3.10. Concise Implementation of Multilayer Perceptron¶
Now that we learned how multilayer perceptrons (MLPs) work in theory, let’s implement them. We begin, as always, by importing modules.
In [1]:
import sys
sys.path.insert(0, '..')
import d2l
from mxnet import gluon, init
from mxnet.gluon import loss as gloss, nn
3.10.1. The Model¶
The only difference from the softmax regression is the addition of a fully connected layer as a hidden layer. It has 256 hidden units and uses ReLU as the activation function.
In [2]:
net = nn.Sequential()
net.add(nn.Dense(256, activation='relu'))
net.add(nn.Dense(10))
net.initialize(init.Normal(sigma=0.01))
One minor detail is of note when invoking net.add(). It adds one or
more layers to the network. That is, an equivalent to the above lines
would be net.add(nn.Dense(256, activation='relu'), nn.Dense(10)).

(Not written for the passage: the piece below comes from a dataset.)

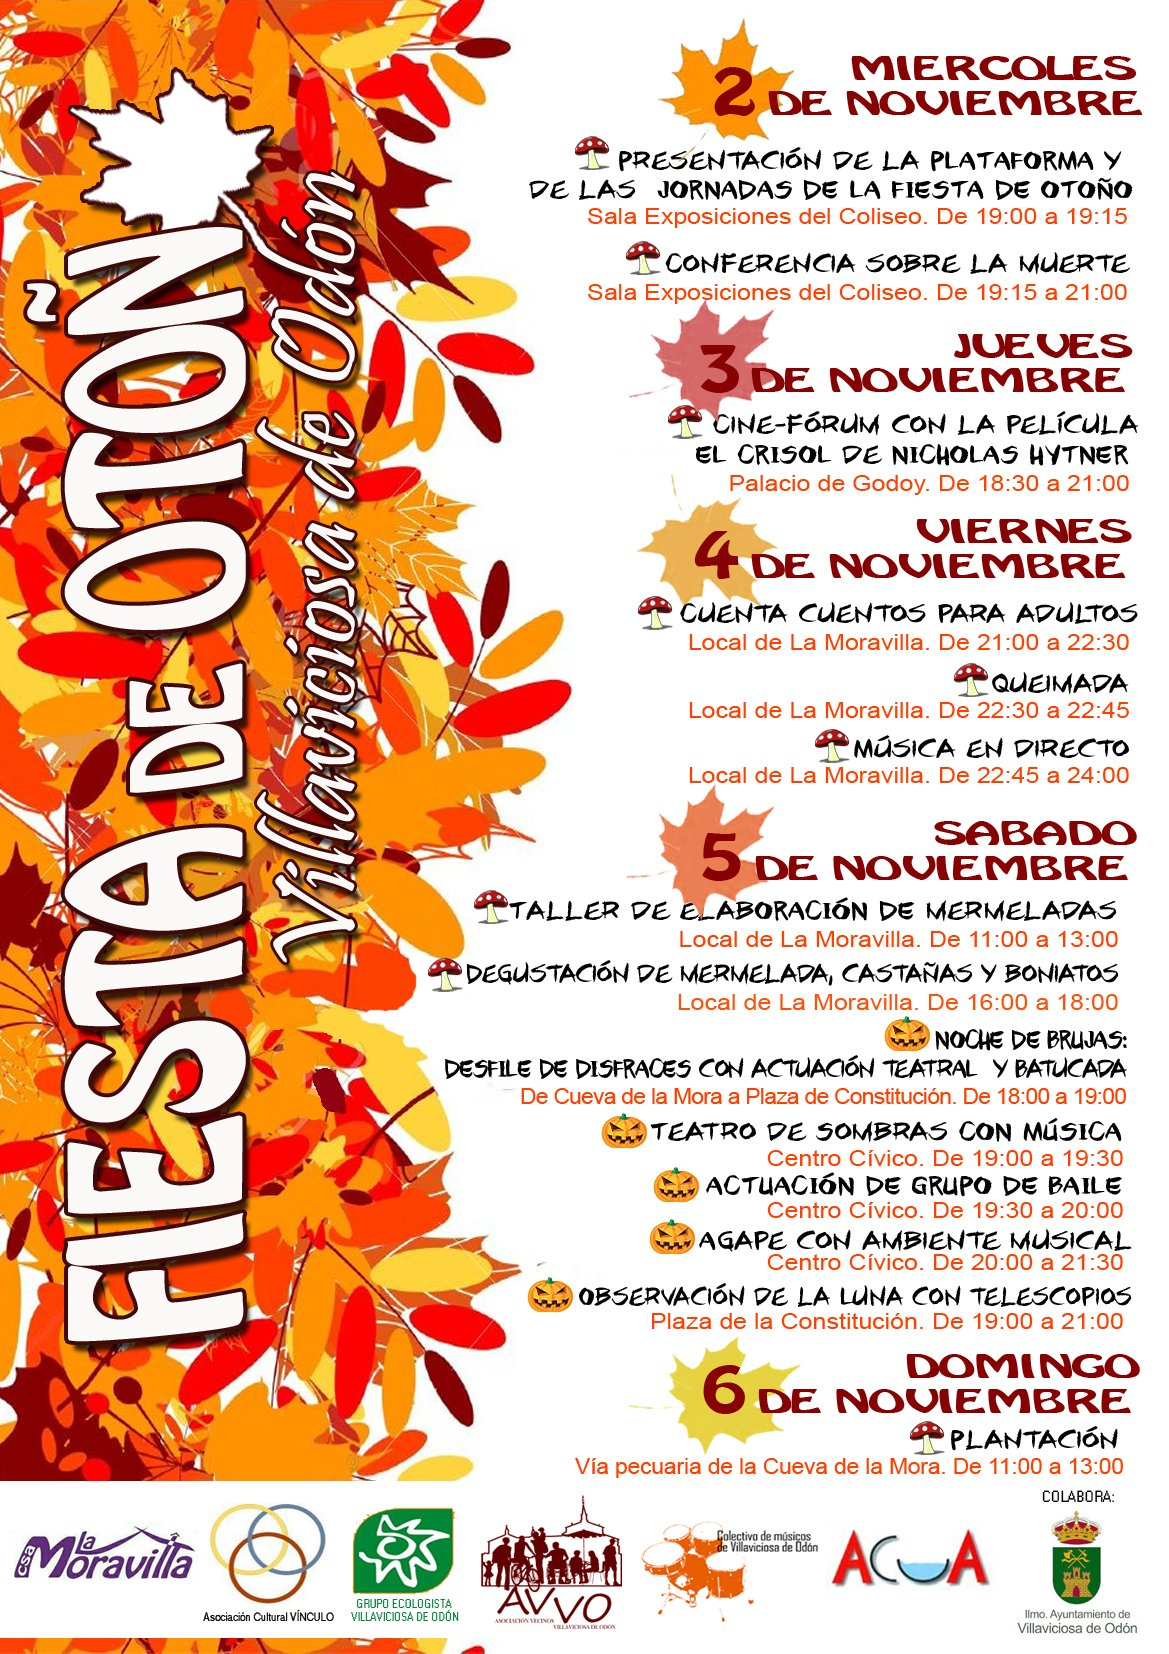 fiesta-otoño-villaviciosa-odon

Also note that Gluon automagically infers the missing parameteters, such
as the fact that the second layer needs a matrix of size
\(256 \times 10\). This happens the first time the network is
invoked.
We use almost the same steps for softmax regression training as we do for reading and training the model.
In [3]:
batch_size = 256
train_iter, test_iter = d2l.load_data_fashion_mnist(batch_size)

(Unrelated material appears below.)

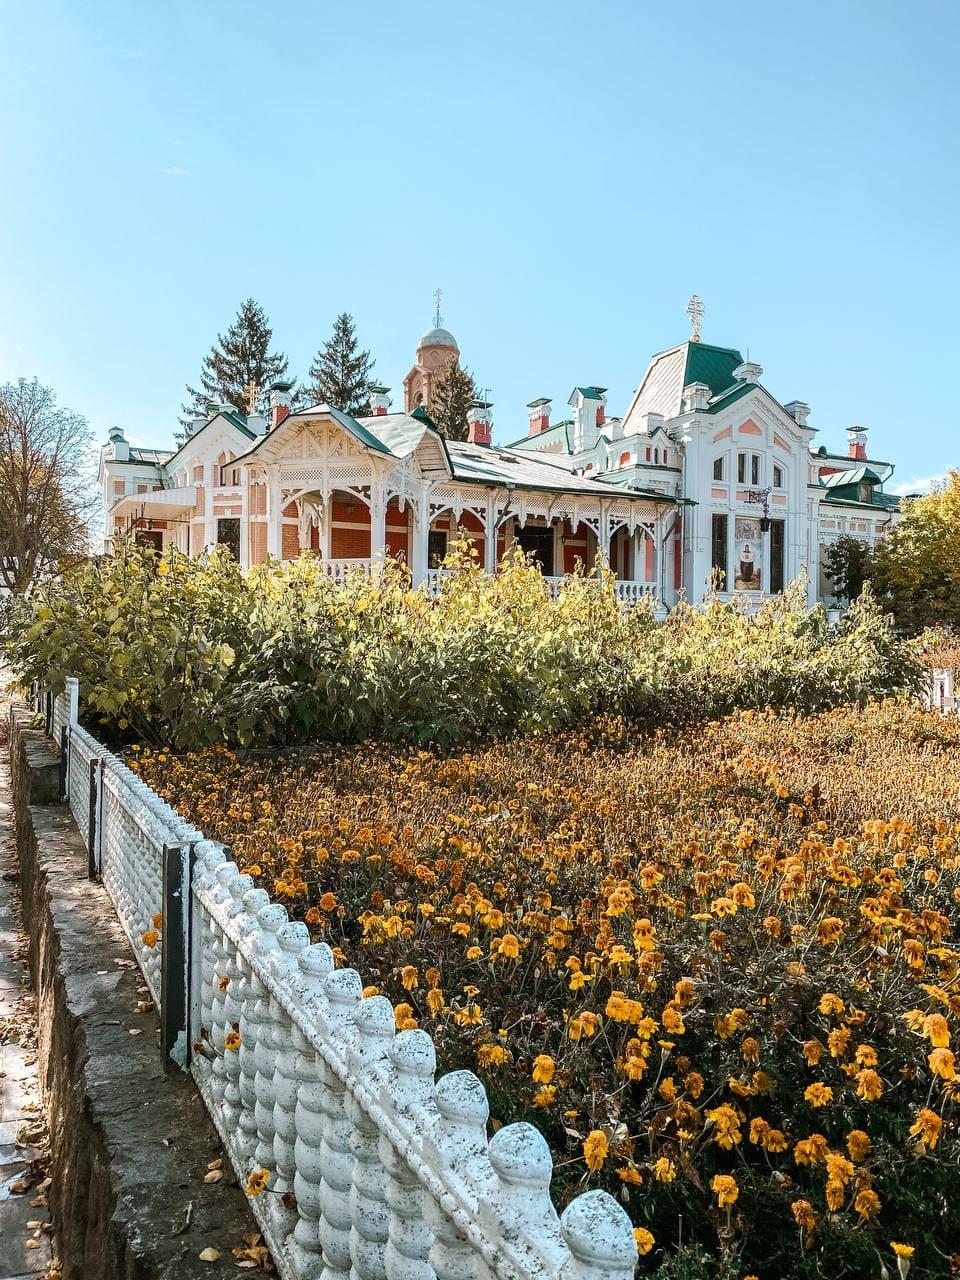 Садиба Хоєцьких або Свято-Богородичий Ризоположницький чоловічий монастир.

loss = gloss.SoftmaxCrossEntropyLoss()
trainer = gluon.Trainer(net.collect_params(), 'sgd', {'learning_rate': 0.5})
num_epochs = 10
d2l.train_ch3(net, train_iter, test_iter, loss, num_epochs, batch_size, None,
None, trainer)
epoch 1, loss 0.8046, train acc 0.699, test acc 0.825
epoch 2, loss 0.4917, train acc 0.818, test acc 0.847
epoch 3, loss 0.4262, train acc 0.842, test acc 0.853
epoch 4, loss 0.3962, train acc 0.854, test acc 0.869
epoch 5, loss 0.3762, train acc 0.862, test acc 0.875
epoch 6, loss 0.3580, train acc 0.867, test acc 0.877
epoch 7, loss 0.3409, train acc 0.875, test acc 0.875
epoch 8, loss 0.3293, train acc 0.878, test acc 0.878
epoch 9, loss 0.3165, train acc 0.884, test acc 0.882
epoch 10, loss 0.3115, train acc 0.885, test acc 0.878
3.10.2. Problems¶
- Try adding a few more hidden layers to see how the result changes.
- Try out different activation functions. Which ones work best?
- Try out different initializations of the weights.